● Exercise instructions: Below is a listing with pictures in it; transcribe exactly the lines from the one that has "Wildlife Animal Pedia" through the one that has "Gameday-Road-Closure-Map Copy - Mercedes", and omit those pictures.

● Exercise data:
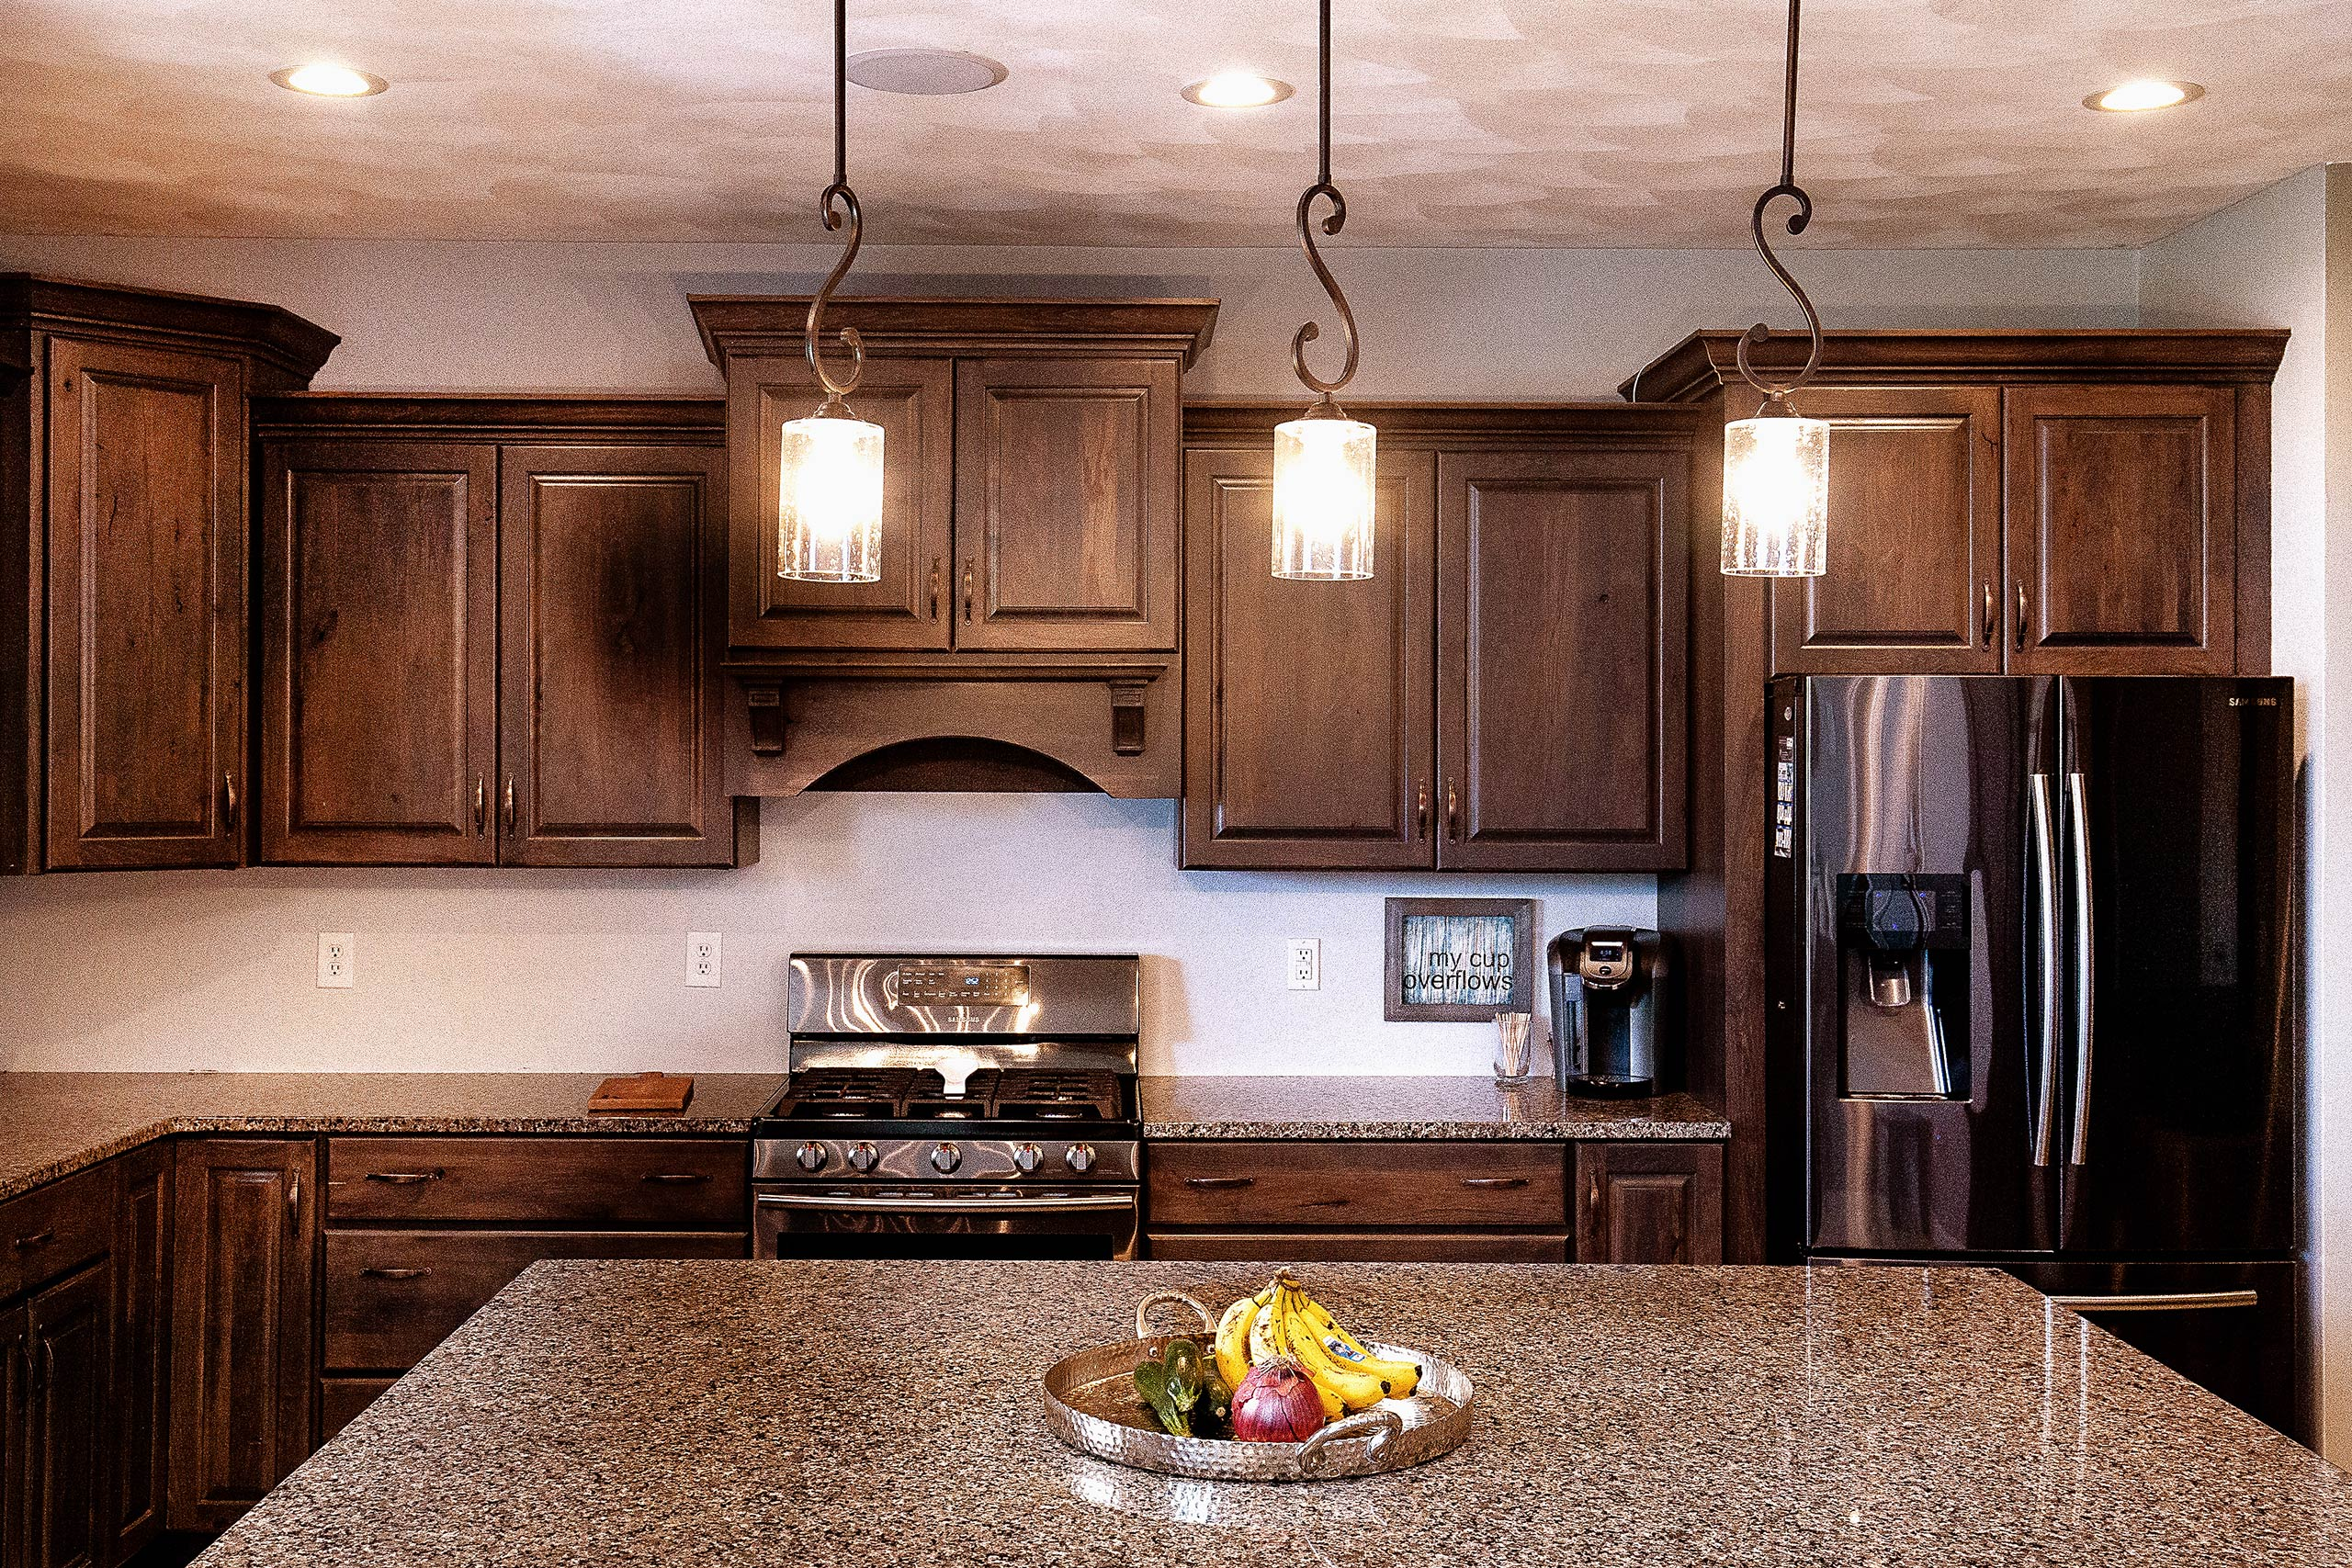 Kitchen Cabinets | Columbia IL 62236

...

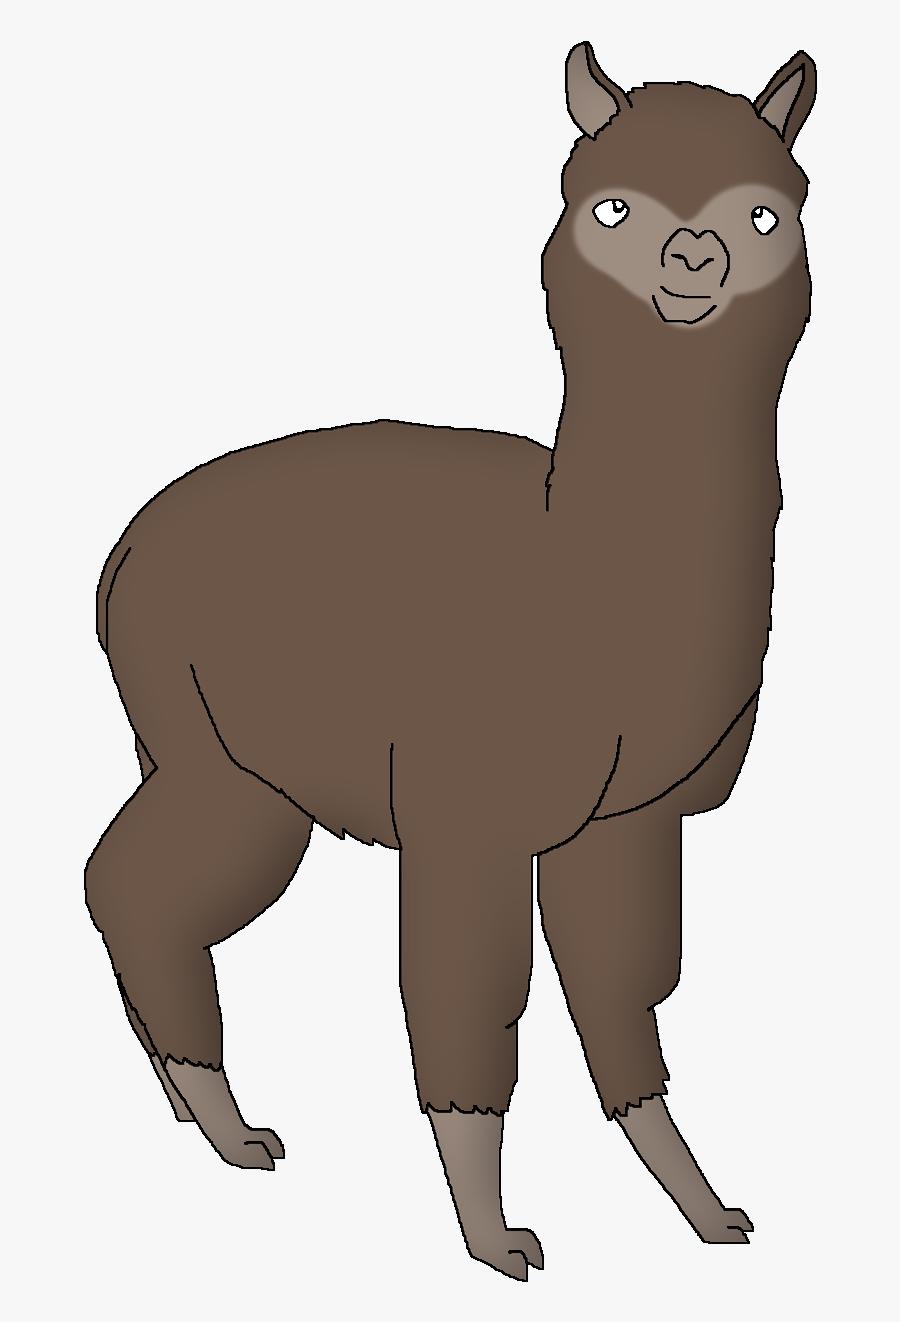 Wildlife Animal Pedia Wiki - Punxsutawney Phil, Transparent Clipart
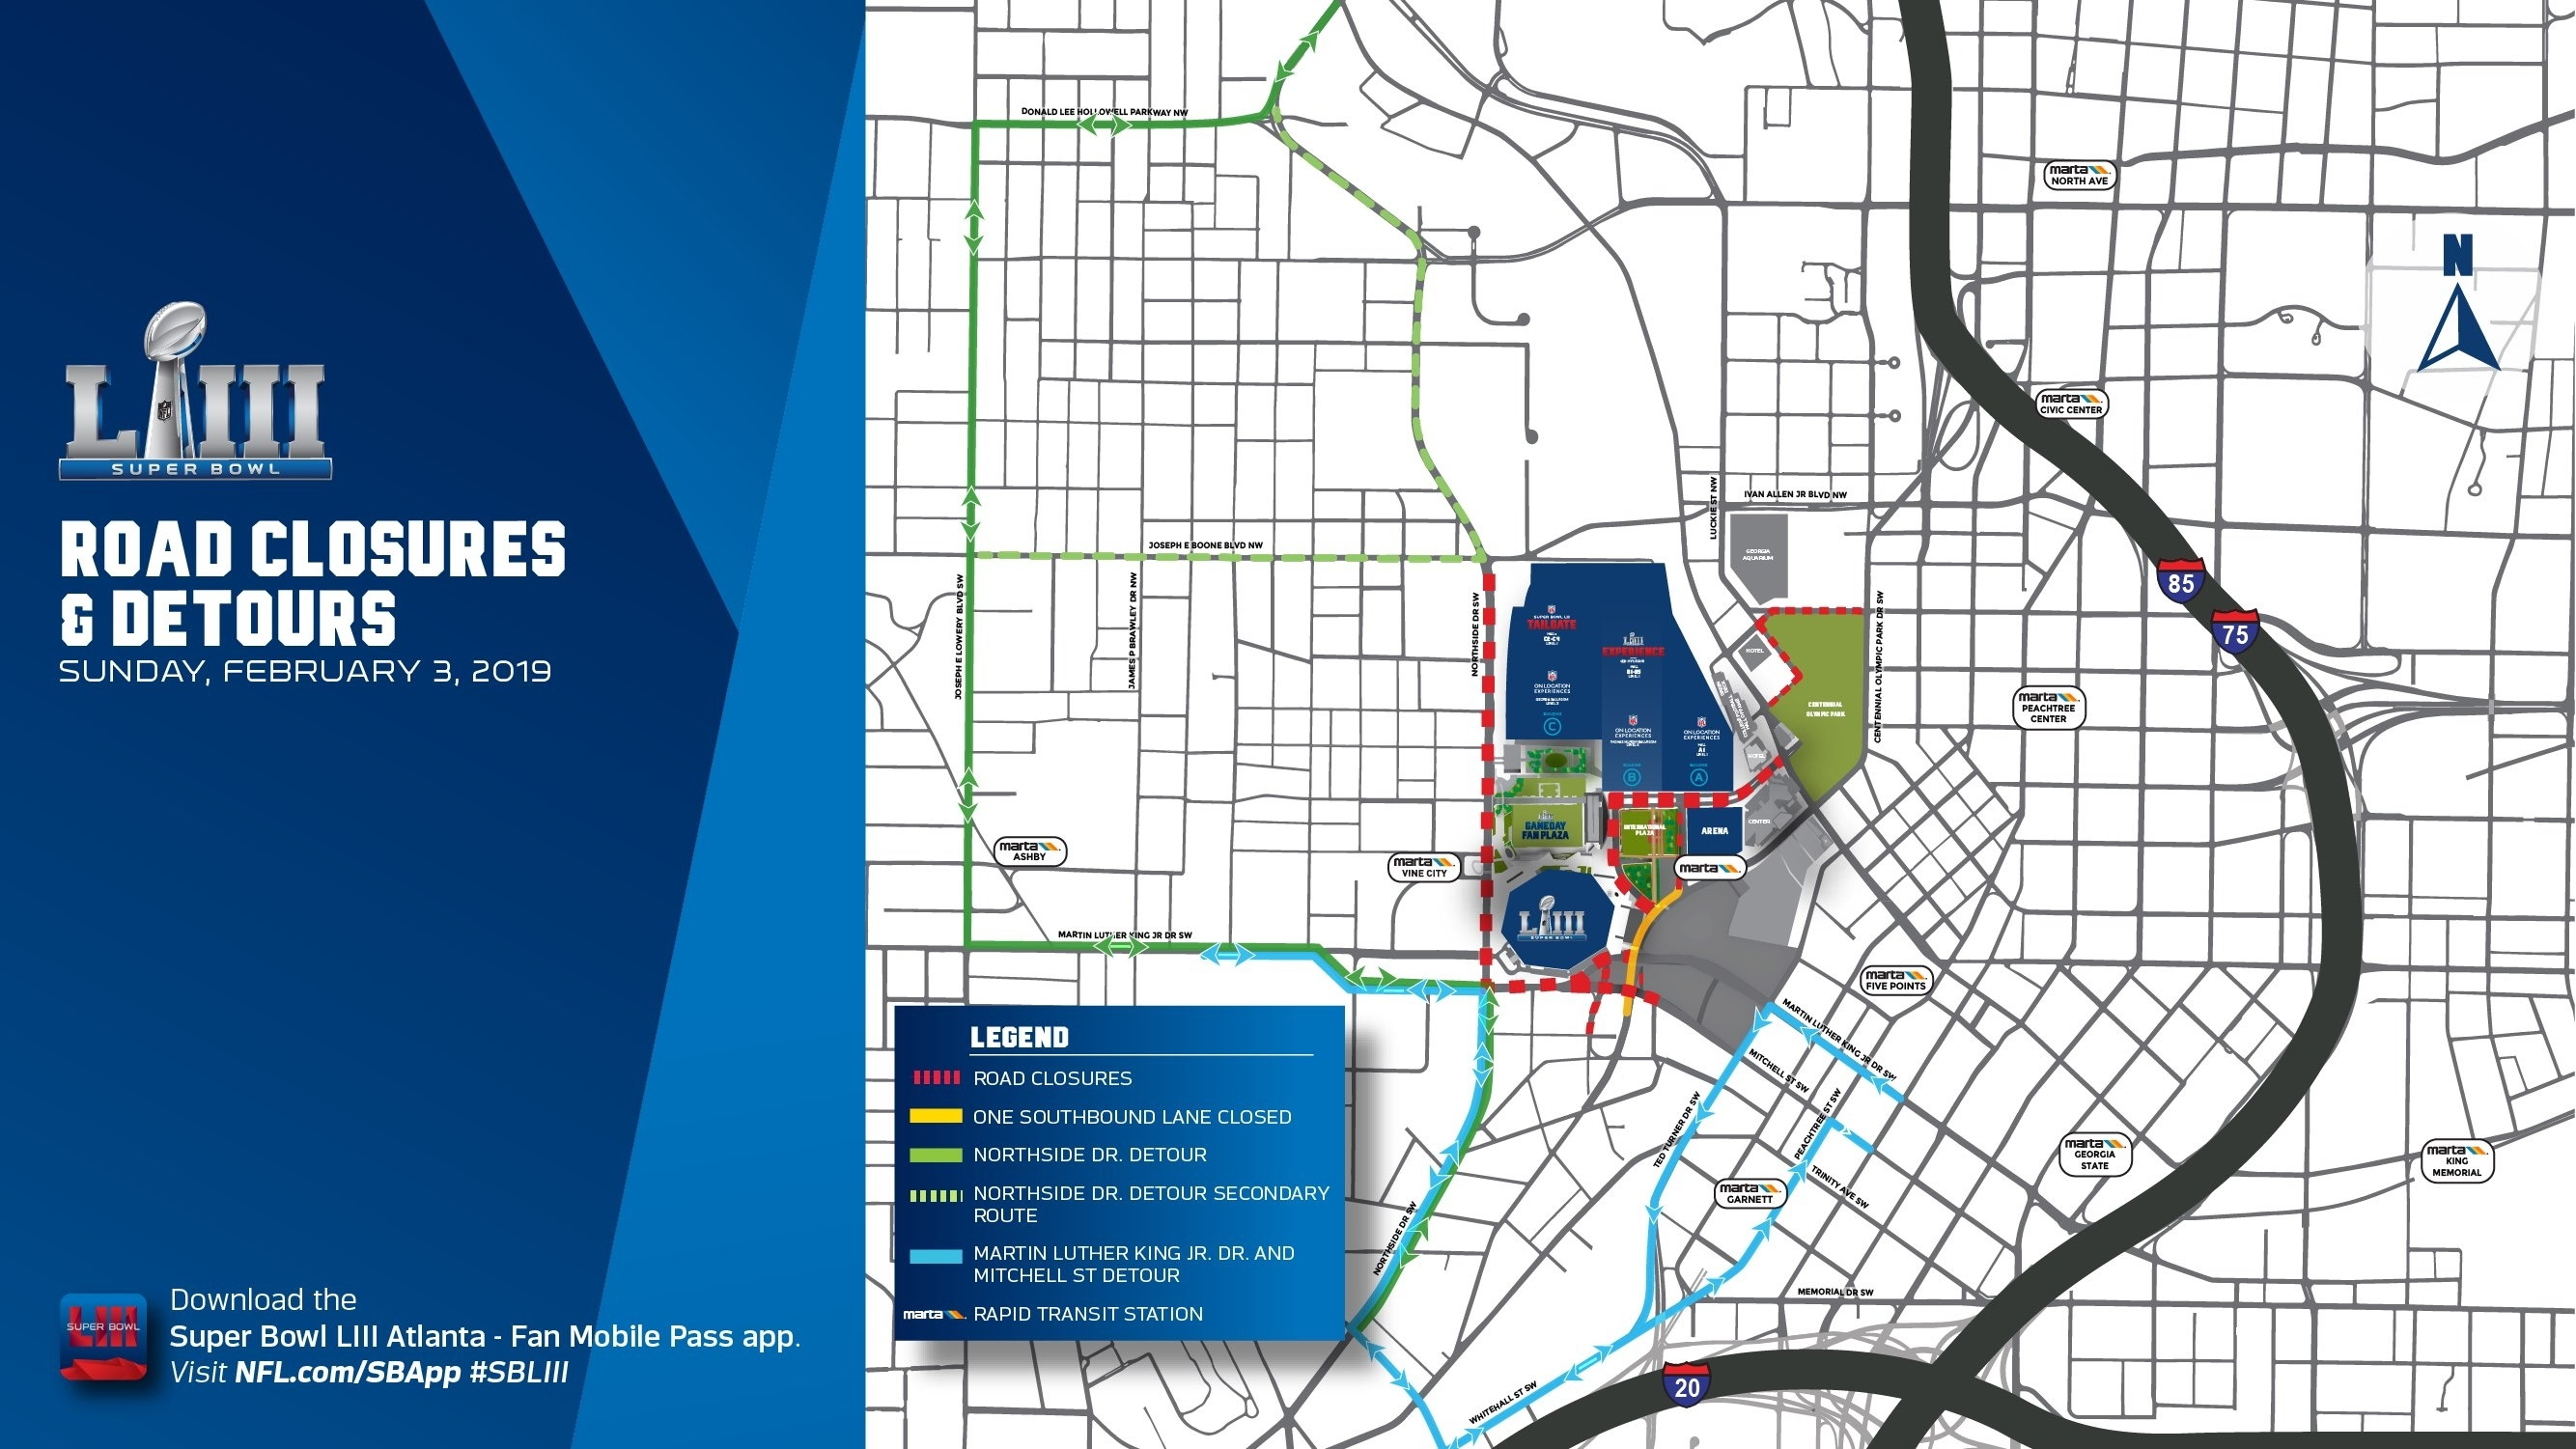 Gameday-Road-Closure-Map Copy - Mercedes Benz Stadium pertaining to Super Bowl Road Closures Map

--

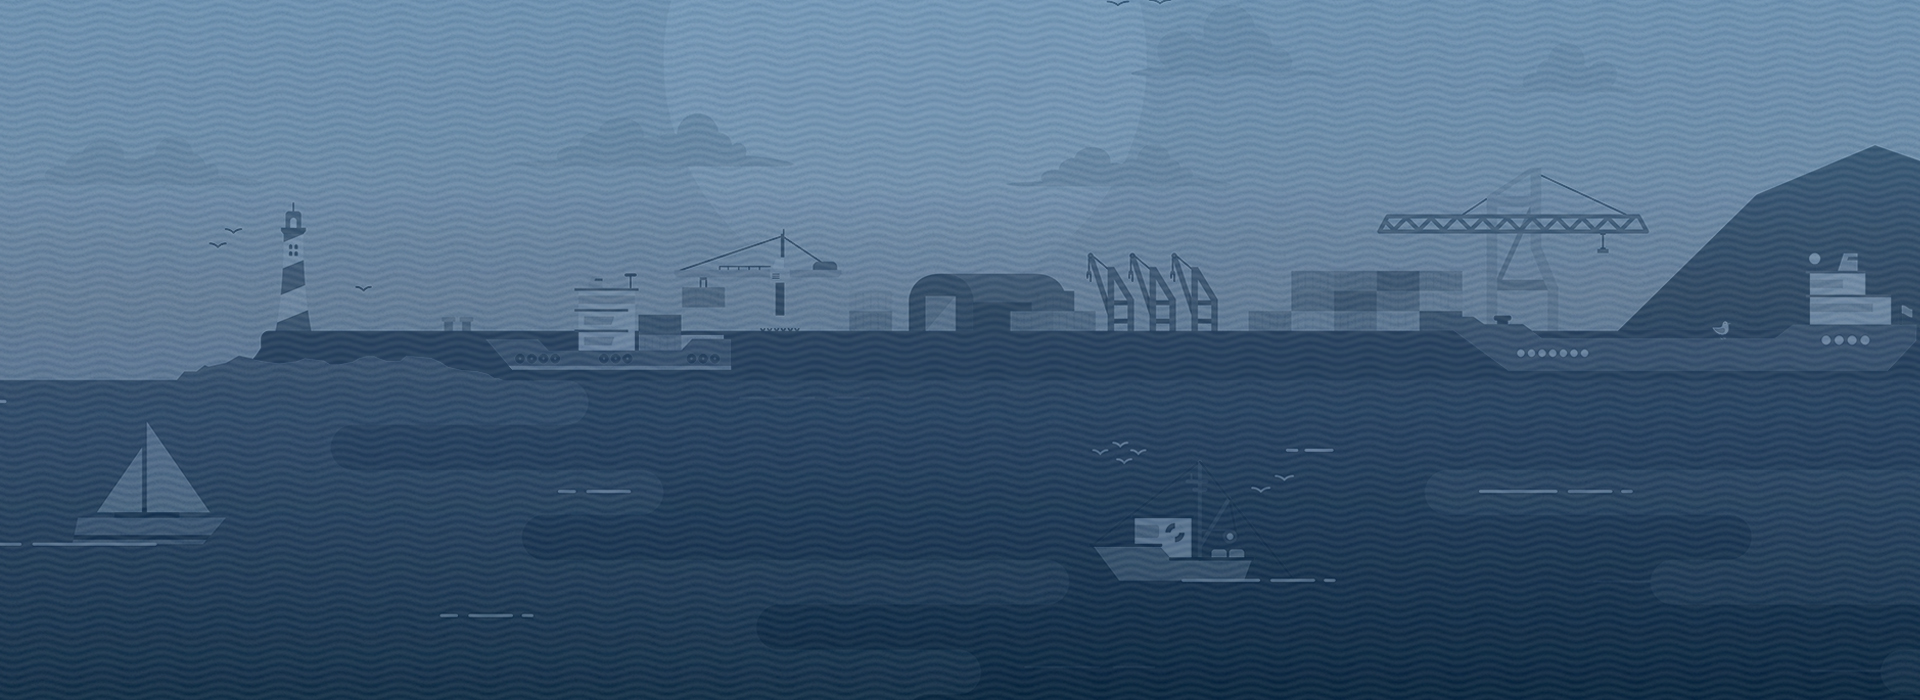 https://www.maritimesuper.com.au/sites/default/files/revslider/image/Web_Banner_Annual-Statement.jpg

● Result of the task:
 Wildlife Animal Pedia Wiki - Punxsutawney Phil, Transparent Clipart
 Gameday-Road-Closure-Map Copy - Mercedes Benz Stadium pertaining to Super Bowl Road Closures Map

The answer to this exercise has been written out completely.